Setting Up Twitter and Google Access
In order to start collecting tweets, you will have to give your Google Sheet access to your Twitter. Here are the steps:
- Select the the TAGS tab in your Menu bar and click Setup Twitter Access
- A pop-up will appear asking you how you would like to set up Twitter authorization. Press Easy Setup and follow the prompts.
- At some point you will likely be asked to sign into Twitter - do so.
- Google will ask you if you want to allow TAGS and Twitter to have access to your account. Grant them that access.
- If you have authorization problems and get a page saying “This app isn’t verified”, you can continue to use TAGS by clicking on Advanced Settings and authorizing TAGS anyways. - Once you have Twitter and Google access setup, you may now start using TAGS
Once you have given all of the proper permissions to TAGS, all you need to do is set up your search parameters and run the script. You may then download your data to begin your analysis.
Entering Search Terms
- In the 9th row of TAGS, you may enter search terms.
- You may enter any search term into the search box, and any tweets containing that search term will appear.
- You may scrape all tweets for a particular hashtag by typing in “#yoursearchterm”

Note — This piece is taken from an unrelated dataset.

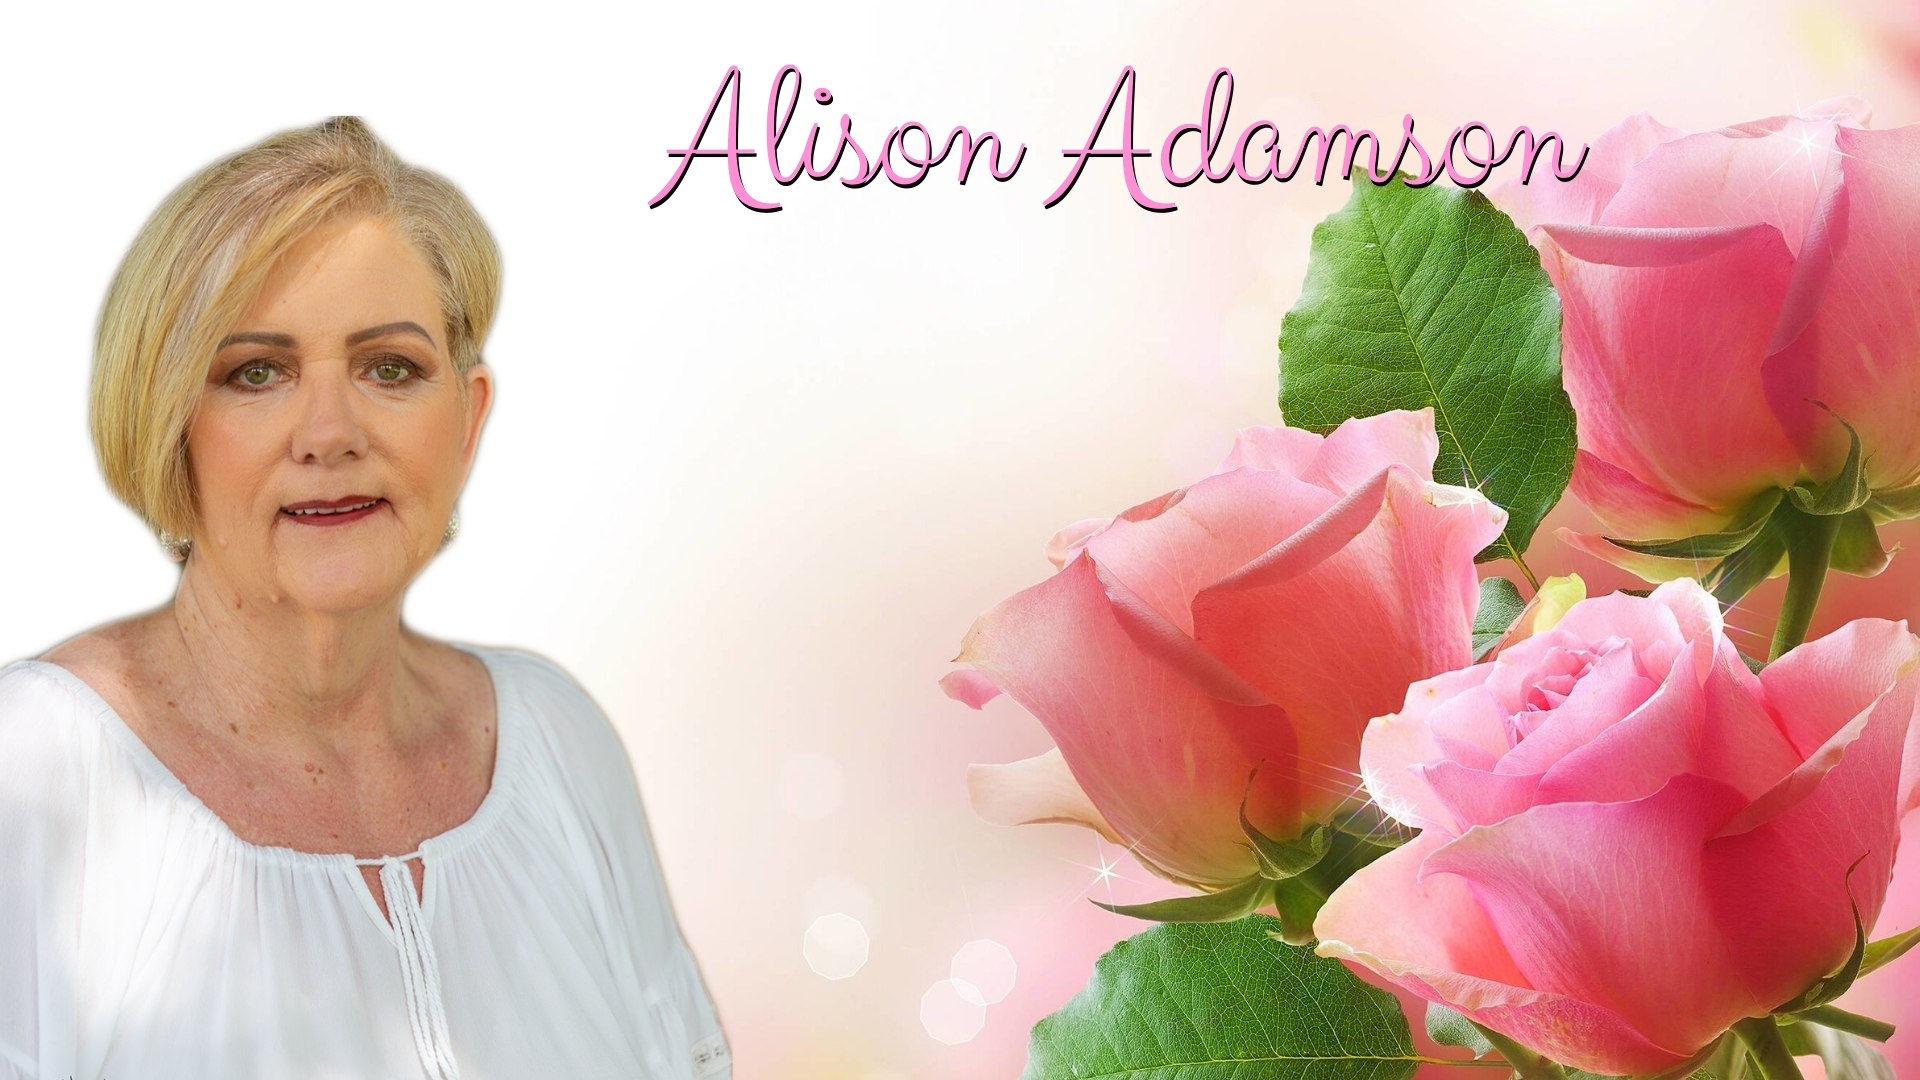 Alison Adamson

- You may scrape tweets from particular people or tweets sent to particular people using their username in the following formats: “from:username”; or “to:username”
- Alternatively, you may scrape favorited tweets or statuses instead of tweets by using the advanced settings (see next section).
Advanced Settings for Your Search
There are several advanced setting options in row 13 to 17 of your TAGS sheet. These functions are summarized below:
- Period: This period allows you to specify how far back into the past you want to scrape tweets for (up to 7 days). Note that your search will automatically search 7 days into the past if left blank.
- Follower Count Filter: You may use this option to specify particular users who have a minimum number of followers.
- Number of Tweets: If you want to collect Tweets for a longer period of time, then you can increase this number. Experience has shown that TAGS usually meets the limit in less than a month if this is not changed.
- Type: This specifies whether you want to use search terms to scrape tweets or if you want to scrap the favorite tweets or statuses of a particular user.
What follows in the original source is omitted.